» Assignment: Keep the wording of each record exactly the same when you repeat it, and leave out pictures.

» Records supplied:
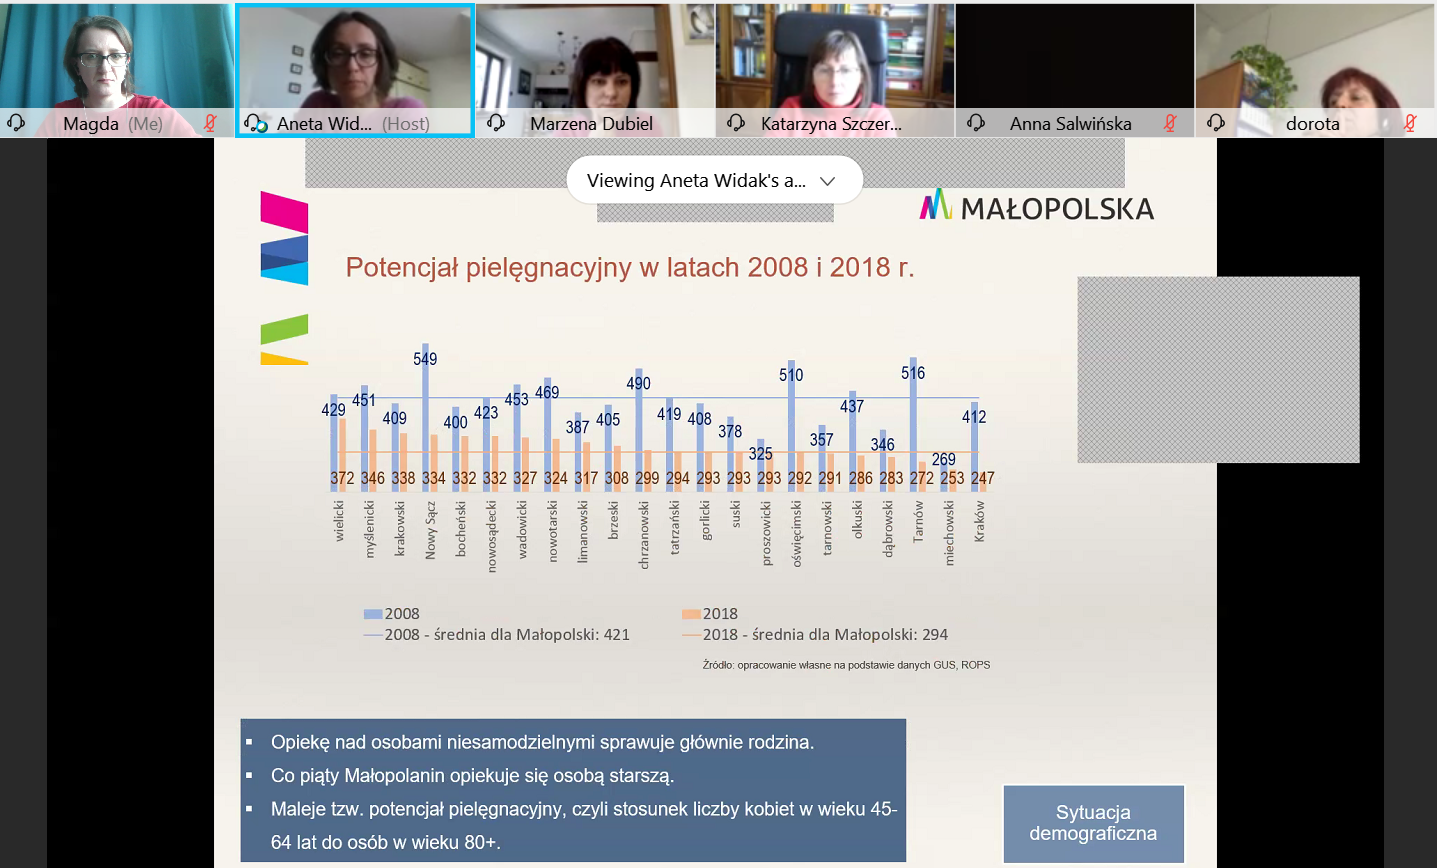 Zrzut ekranowy z platformy internetowej_zdjęcia uczestników spotkania i slajd ilustrujący problematyke opieki domowej
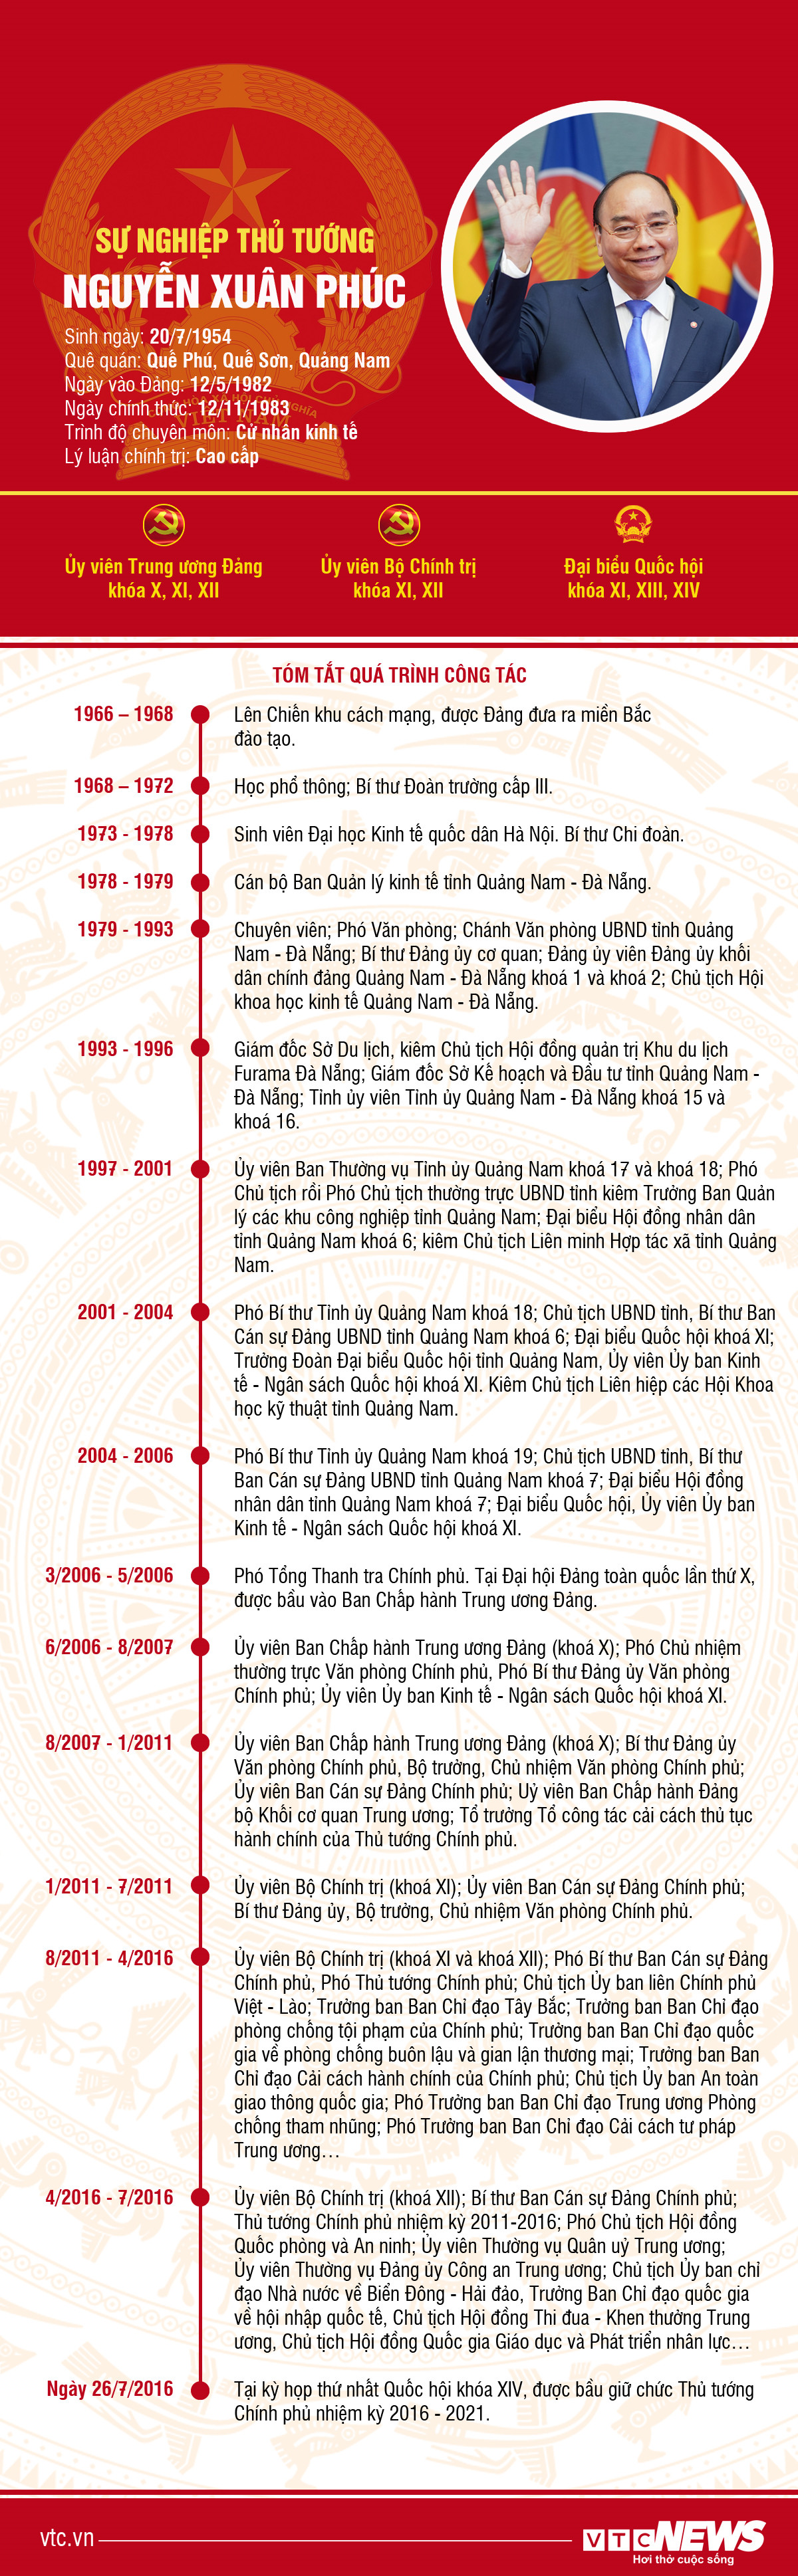 Infographic: Sự nghiệp Thủ tướng Nguyễn Xuân Phúc - 1
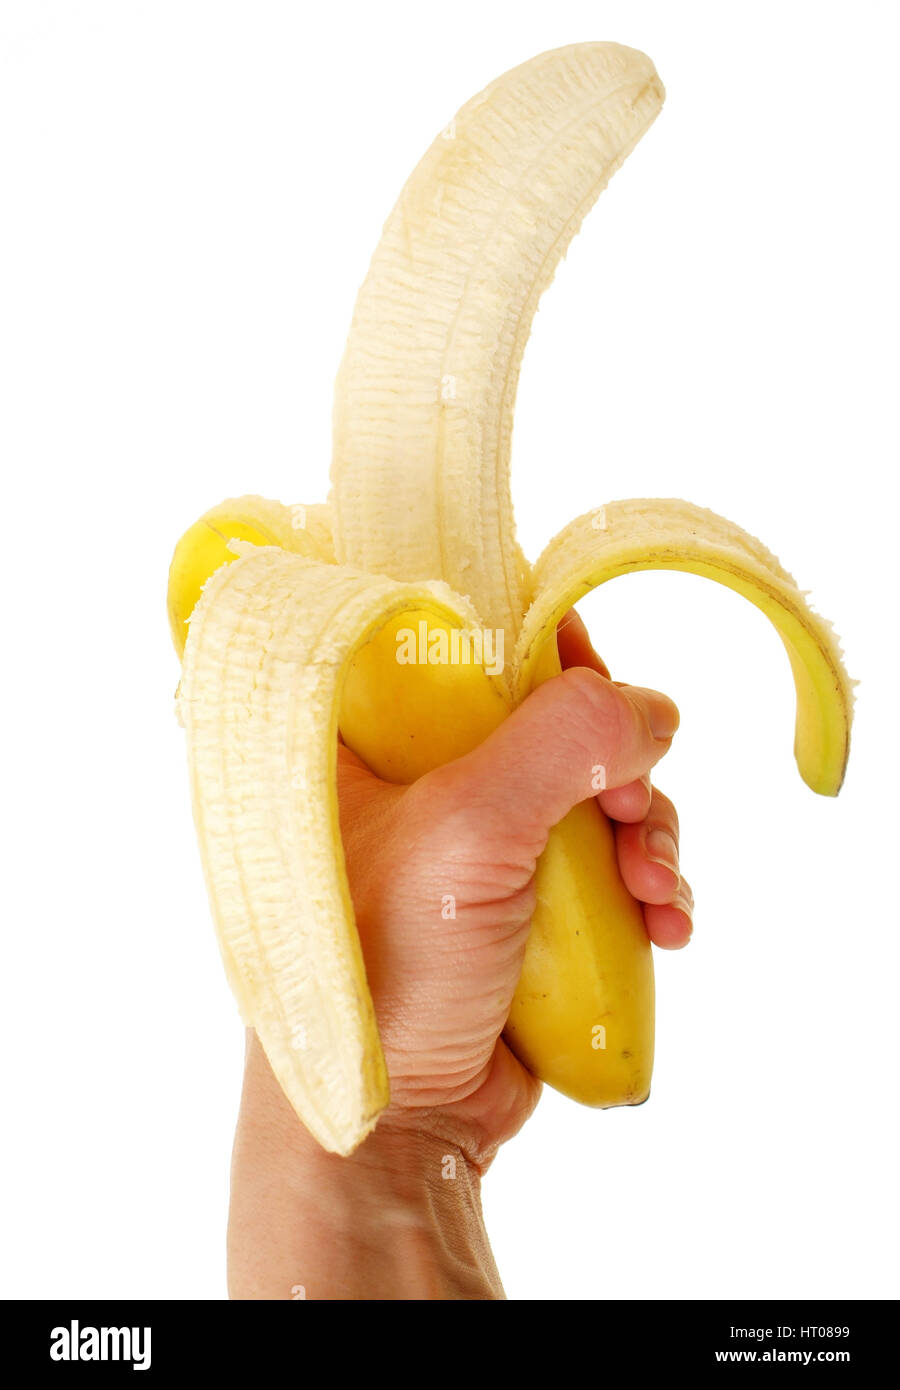 Geschaelte Banane in der Hand - Banane pelées à la main Banque D'Images
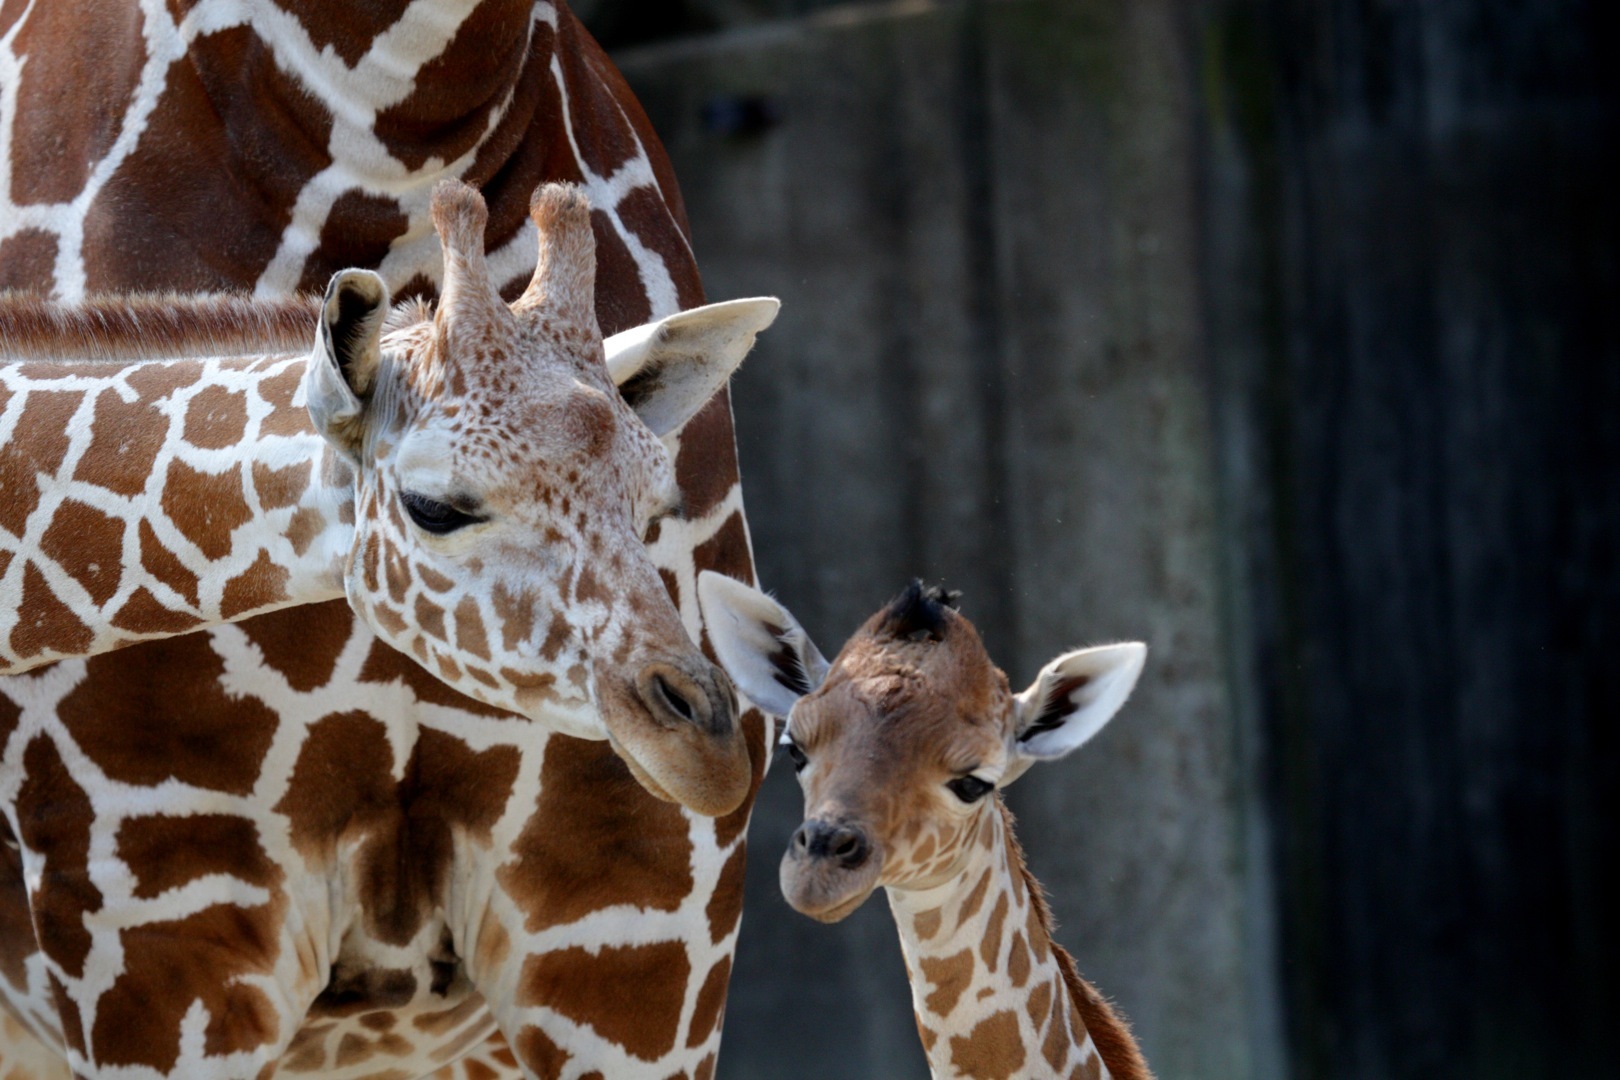 Le projet brésilien Embrapa prévoit de cloner 8 espèces animales en voie de disparition au Brésil. Ils espèrent toutefois rapidement pouvoir cloner les girafes et éléphants d'Afrique qui font parties des espèces gravement en danger. © Frank Peter, Flickr CC by-nc-nd-2.0
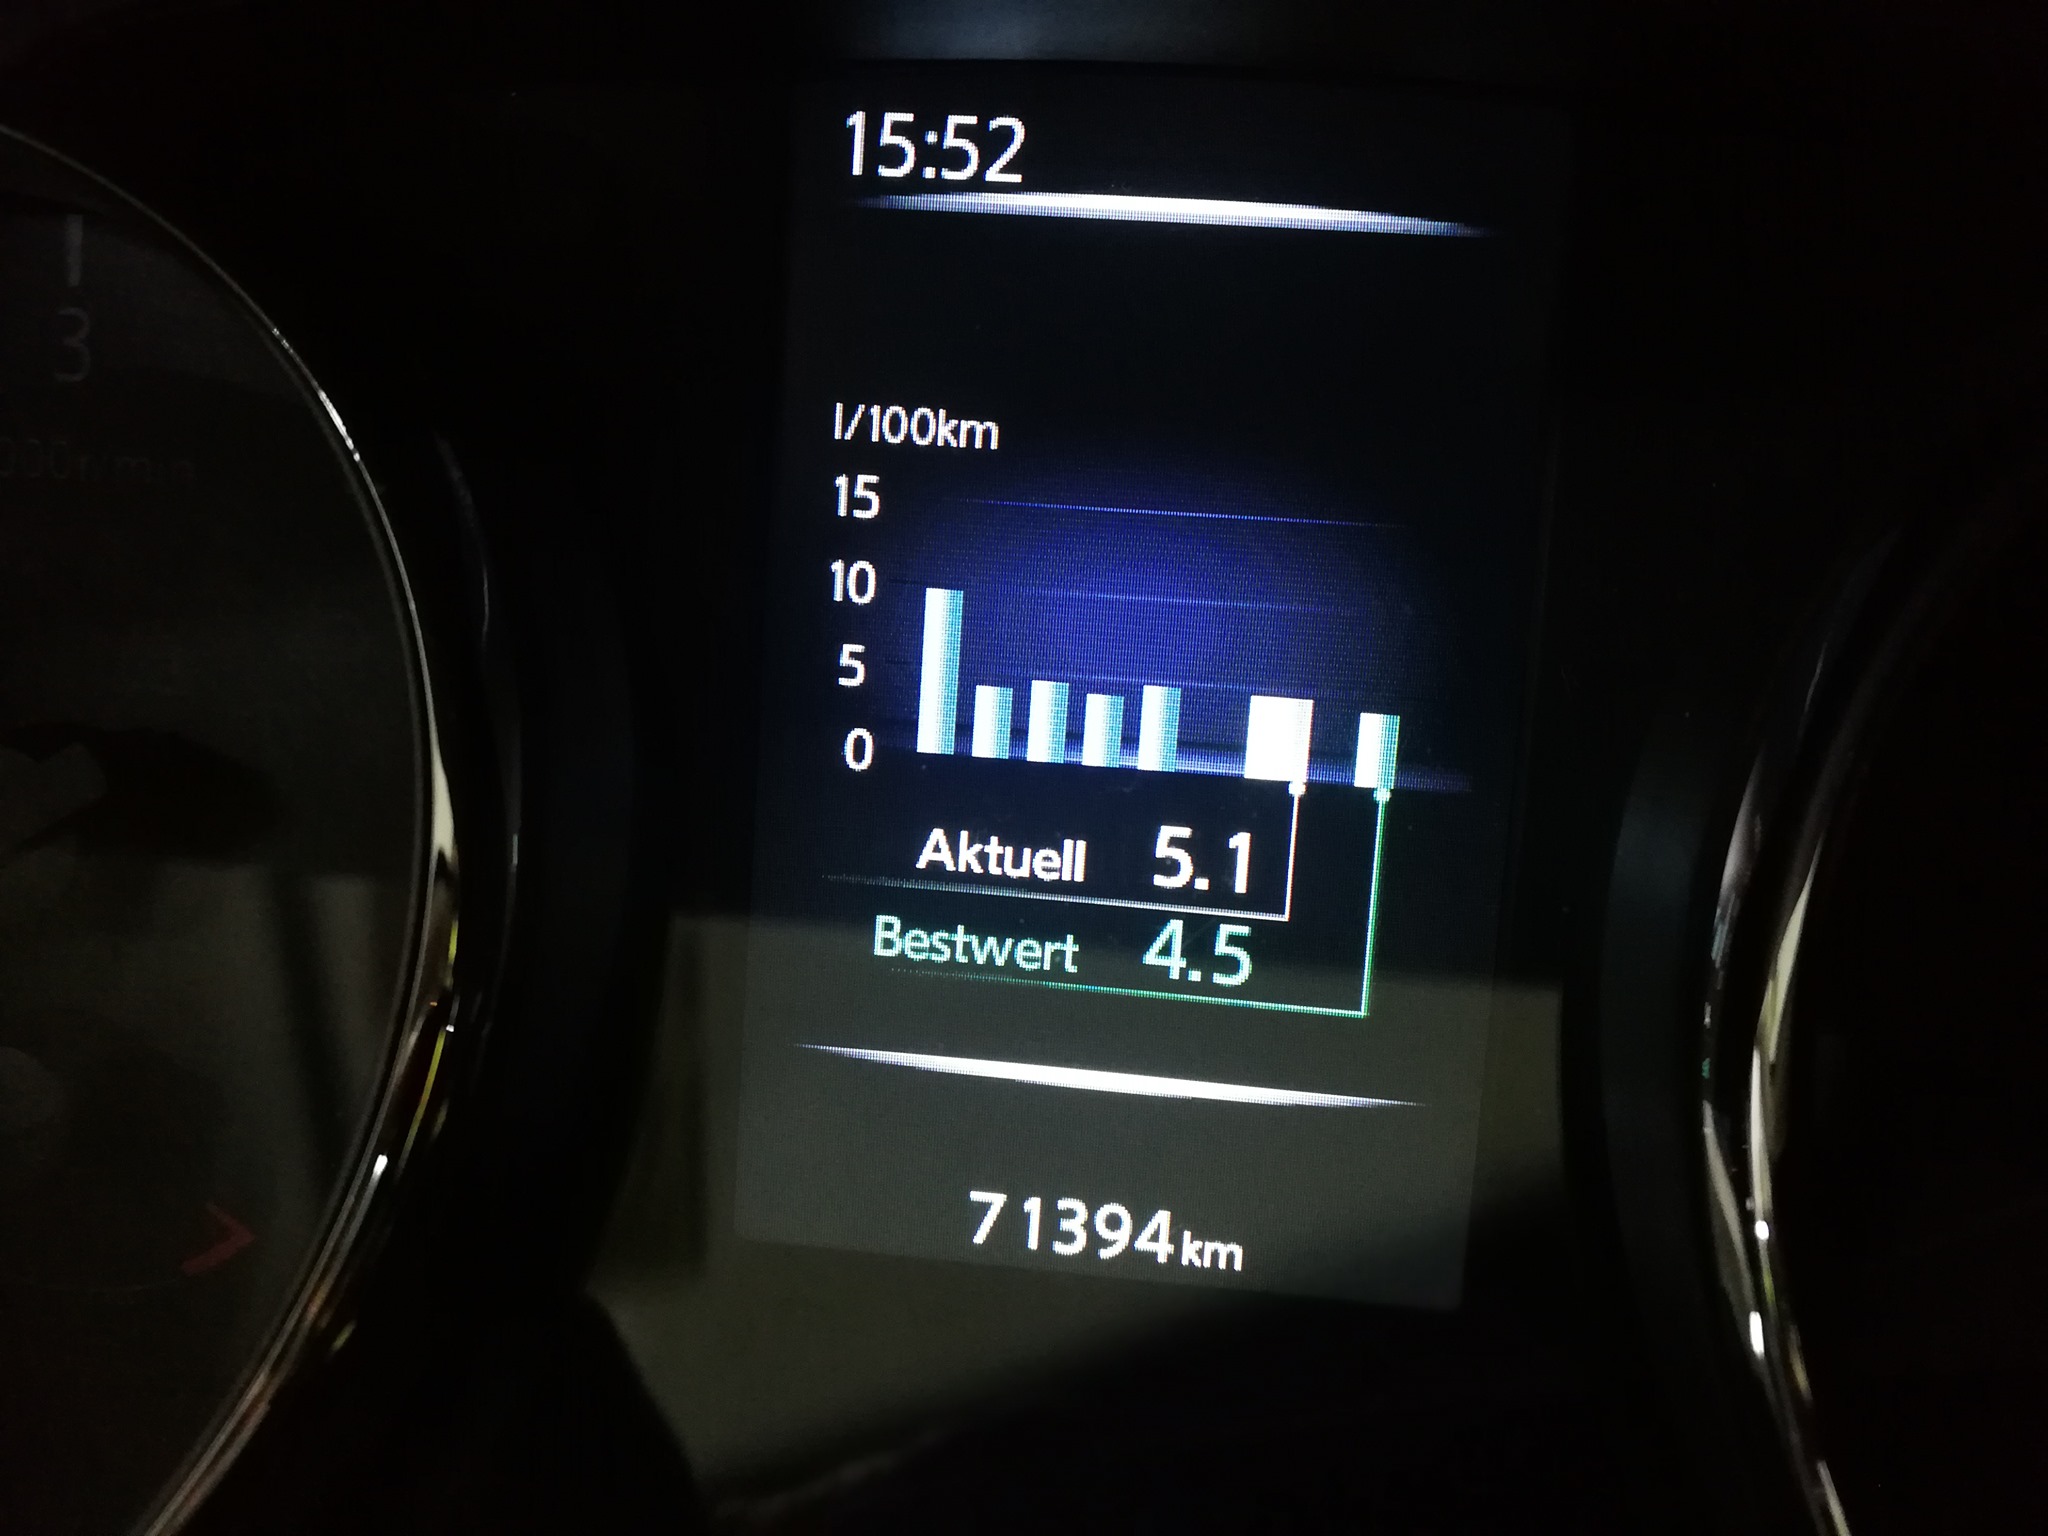 Nissan 1.6 DCI 130 KM po pakiecie Power Economy Performance z mocą 160 KM i użytkownik odnotowuje bardzo niskie zużyciem paliwa

» Completed exercise:
 Zrzut ekranowy z platformy internetowej_zdjęcia uczestników spotkania i slajd ilustrujący problematyke opieki domowej
 Infographic: Sự nghiệp Thủ tướng Nguyễn Xuân Phúc - 1
 Geschaelte Banane in der Hand - Banane pelées à la main Banque D'Images
 Le projet brésilien Embrapa prévoit de cloner 8 espèces animales en voie de disparition au Brésil. Ils espèrent toutefois rapidement pouvoir cloner les girafes et éléphants d'Afrique qui font parties des espèces gravement en danger. © Frank Peter, Flickr CC by-nc-nd-2.0
 Nissan 1.6 DCI 130 KM po pakiecie Power Economy Performance z mocą 160 KM i użytkownik odnotowuje bardzo niskie zużyciem paliwa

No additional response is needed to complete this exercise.